I work somewhere where the orginal developers drank the koolaid about premature optimization and did everything the way they thought was simplest (but which in almost every case was the wrong choice from a performance perspective). Now we are at 10 times the size we were three years ago and every screen on every website takes 30 seconds or so to load (or worse times out) and we are losing customers because of it. But changing it will be too hard because at the base they designed the database without considering how it would perform and redesigning a database with many many gigabytes of data into a new structure is way too time consuming and costly. If it had been designed to perform from the start it would be both easier to maintain and faster for the clients. We aren't talking about the need to performance tune the top 10 slowest queries here, we are talking about the fact that the overall structure requires a drastic change (one that would affect virtually every query against the system) to perform well.
Yes don't do micro optimization until you nmeed to, but please do the macro stuff. Consider if is this the best way before you commit to the path. Don't write cursors to hit tables with millions of records when a set-based statement will do. Don't try to have as few tables as possible becasue that seems to be a more elegant solution when the tables are storing disparate items (such as people, places, and vehicles) causing every single query to hit the same table and causing every delete to check all sorts of foreign key tables that will not ever have a record for that type of entity (it takes minutes to delete one record from the main table in our database, it's a real joy when something goes wrong in an import (bad data from a client usually) and we have to delete 200,000 let me tell you).
Optimization is almost tautologically a tradeoff: you gain runtime efficiency at the cost of other things (readability, maintainability, flexibility, compile times, etc.). As such, it's really never a good idea to do unless you know what the tradeoff is and why it's worthwhile.
Even worse, thinking about "how do I do X fast" can be very distracting. To much energy in that direction can easily lead to you misisng out on method Y which is much better (and often faster --- this is how "optimization" can make your code slower). Particularly if you do too much of this on a big project from the beginning, it represents a lot of momentum. If you can't afford to overcome that momentum, you can easily become locked into a bad design because you can't afford the time to restructure it. This way lie dragons
What your boss may be thinking of is more of an issue of writing bad code via inappropriate representations and algorithms. It's not really the same thing as optimizing, but an approach where you pay no attention whatsoever to appropriate data structures etc. can result in a codebase that is slow everywhere, and (much like the above "lock in") requires heroic effort to fix.
In general though, premature optimization really honestly is a terrible idea. Particularly when you end up with a complex, finely tuned, well documented (because that's the only way you can understand it) piece of code you end up not using anyway. And that's not even getting into the issue of subtle bugs that are often introduced when "optimizing"

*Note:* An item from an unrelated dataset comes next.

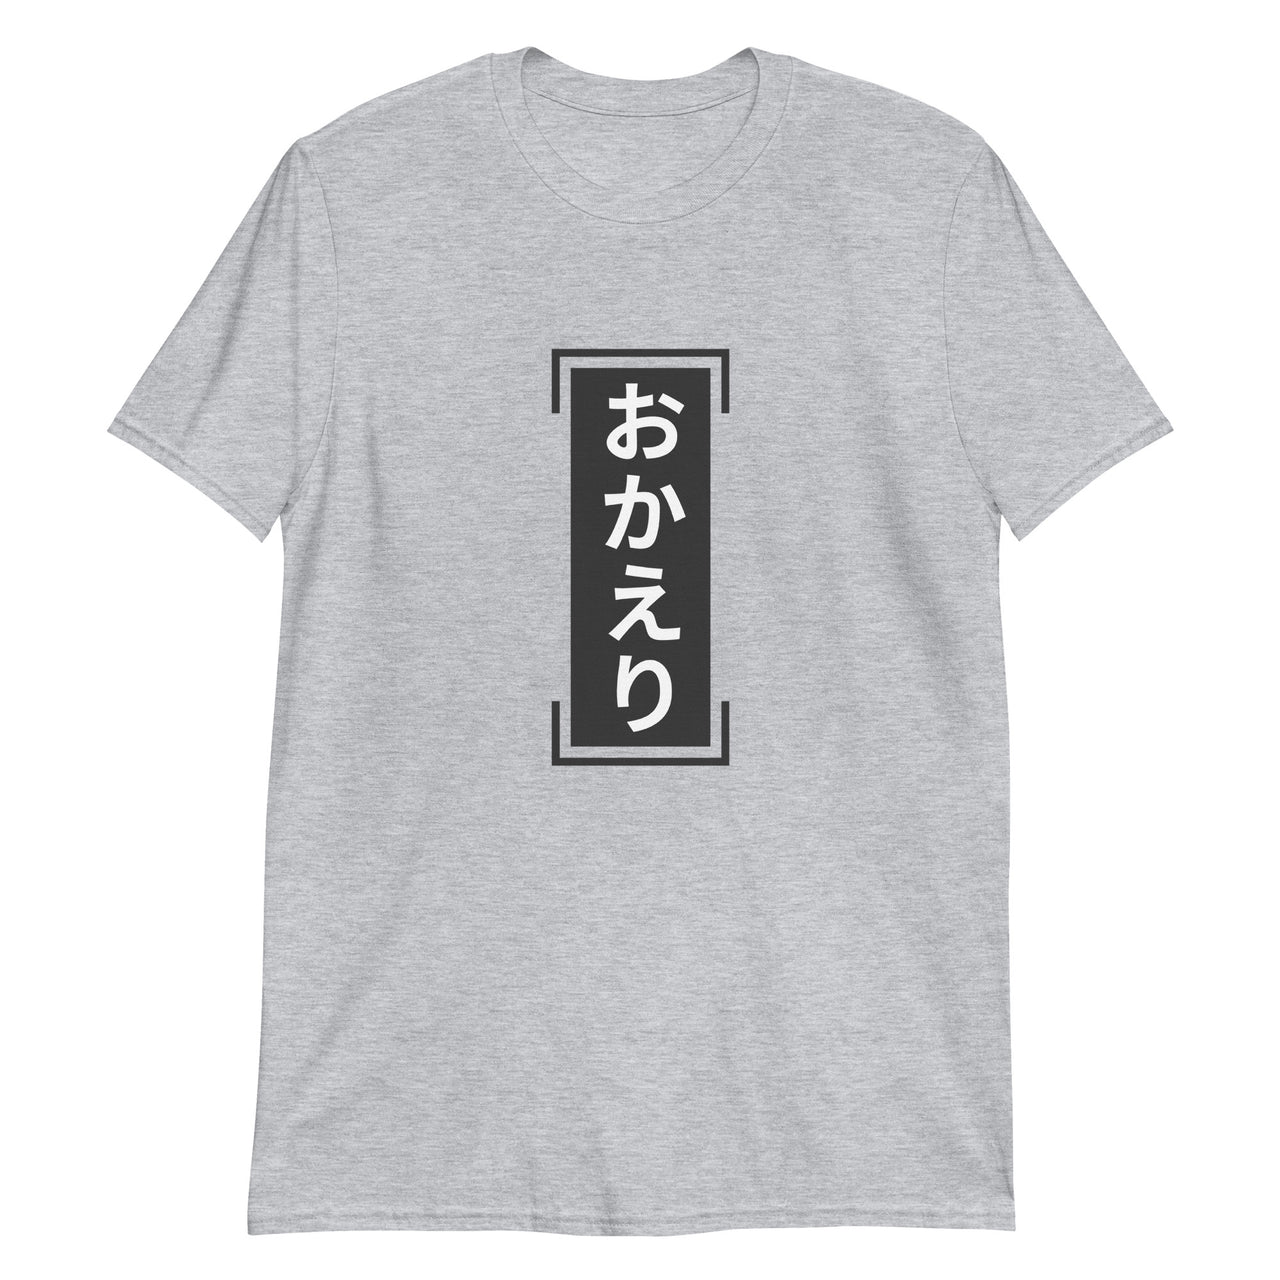 Japanese "Okaeri" Welcome Back Unisex Japanese-Themed Shirt

[edit: pshaw, of course a Knuth quote encapsulates this well. That's what I get for typing too much]
Engineer throughout, optimize at the end.
Since with going with pithy, I'll say that optimization is as important as the impact of not doing it.
I think the "premature optimization is root of all evil" has to be understood literally - it does not say when is premature, and does not say you should optimize only at the end. Just not too early. Also, the "use the right algorithm, O(n^2) vs O(N)" is a bit dangerous if taken literally - because for many problems, the N is actually small, etc...
I think it depends a lot of the type of software you are doing: some software are such as every part is very independent, and can be optimized separately. But that's not always the case. For many (most ?) applications, speed just does not matter at all, the brute force but obviously correct way is the best one. But for projects where speed matters, it often has to be taken into account early - maybe that's another possible interpretation of Knuth's saying: many applications don't need to be optimized at all, just know which ones need and plan ahead.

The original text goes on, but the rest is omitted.